Jarvis also stated that: "A later bishop would consider himself, and his wife and family, still Jewish after joining the ICAB clergy." He noted that people of any religious conviction were welcomed.

=== Apostolic succession ===
The church holds that apostolic succession is maintained through the consecration of its bishops in an unbroken succession back to the apostles of Christ. All ICAB bishops trace their apostolic succession back to Carlos Duarte Costa, a former bishop of the Catholic Church in Brazil. It is widely believed that the ICAB's consecrations follow the Roman Catholic Tridentine rite in a vernacular version of the Roman Pontifical, but this is not certain: the ICAB's rites were altered on several occasions, and uniformity in practice has never been enforced anyway; furthermore, the Tridentine rite in an unauthorized vernacular form would no longer be considered Tridentine according to Roman Catholic theology.

The church cites the unique case of Ferraz as evidence that its apostolic succession is valid, even by Roman Catholic standards. Just over a month after the church's foundation, in 1945, Duarte Costa consecrated Ferraz as bishop. Around fifteen years later during the pontificate of Pope John XXIII, Ferraz was reconciled with the Roman Catholic Church and was eventually recognized as a bishop, even though he was married at the time.

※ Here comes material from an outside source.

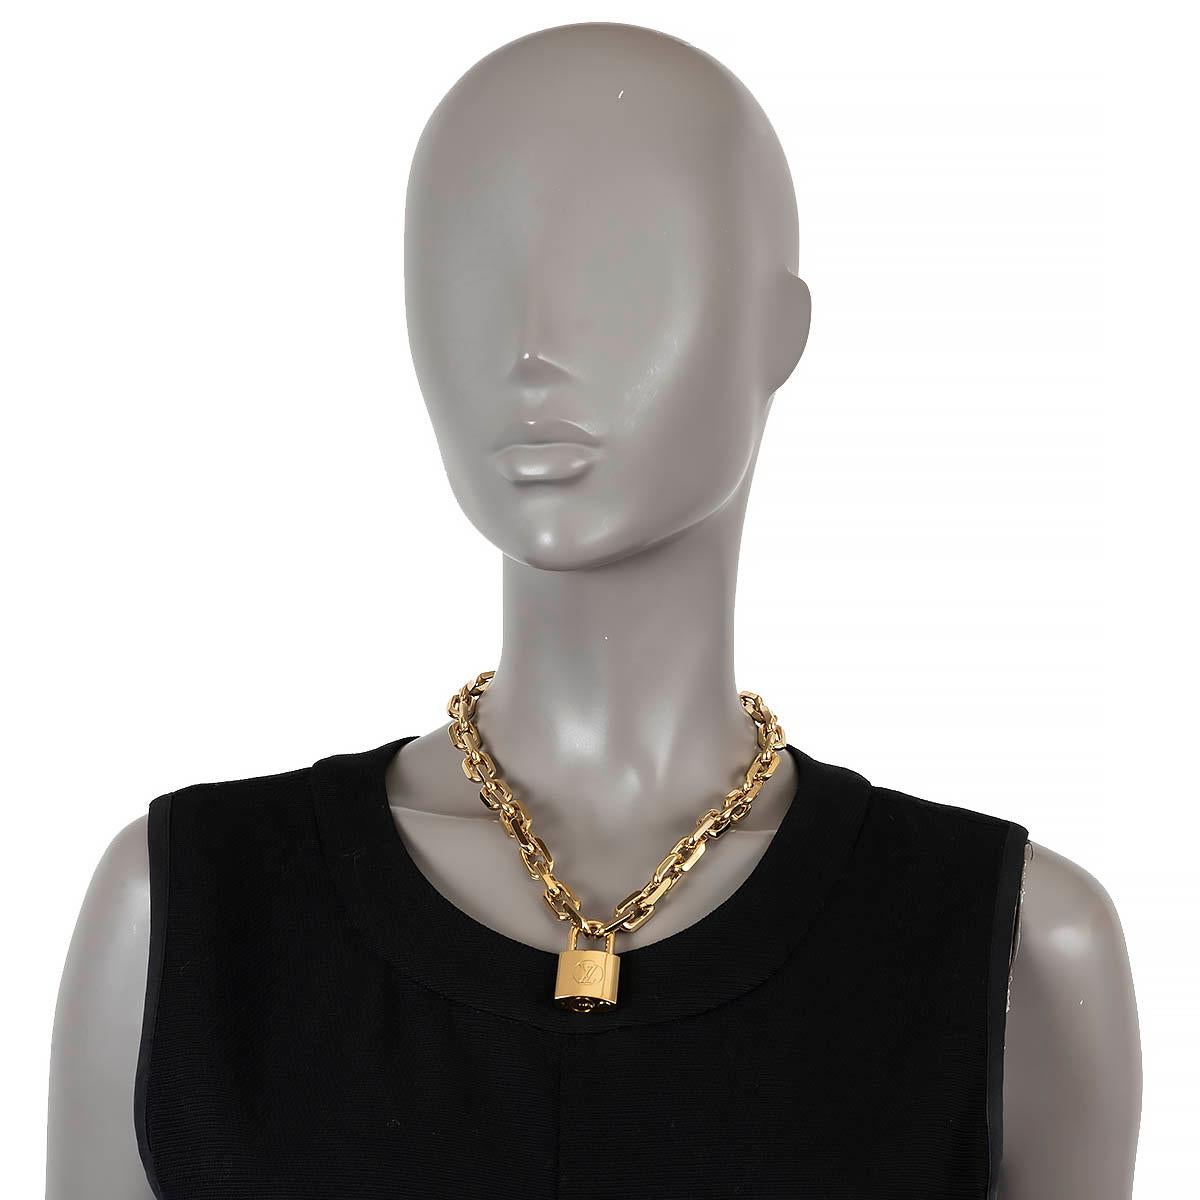 100% authentic Louis Vuitton Edge Cadenas necklace in gold-tone metal features a large padlock pendant meticulously engraved with the LV initials, suspended from a thick link chain. The pendant is opened and closed by pushing the lock. Has been worn

Ferraz was not ordained or consecrated again, even conditionally; however he was initially held at arm's length by the Vatican while they examined his case, somewhat belatedly, and mooted the possibility of an affidavit to affirm that Ferraz, aged 80, and his Italian wife were chaste. He did pastoral work in the Roman Catholic Archdiocese of São Paulo until May 12, 1963, when he was appointed titular bishop of Eleutherna by Pope John XXIII. Ferraz participated in all four sessions of the Second Vatican Council, and Pope Paul VI appointed him to serve on one of Vatican II's working commissions. Upon his death in 1969, Ferraz was buried with full honors accorded a bishop of the Catholic Church. Being a rare example of a married bishop in modern Roman Catholic history, he was survived by seven children. Since then, however, the Vatican has repeatedly expressed reservations about the ICAB's sacraments and does not recognize them; in 2012 Rome declared the ICAB schismatic and reaffirmed its negation of the ICAB's valid but "illicit" orders.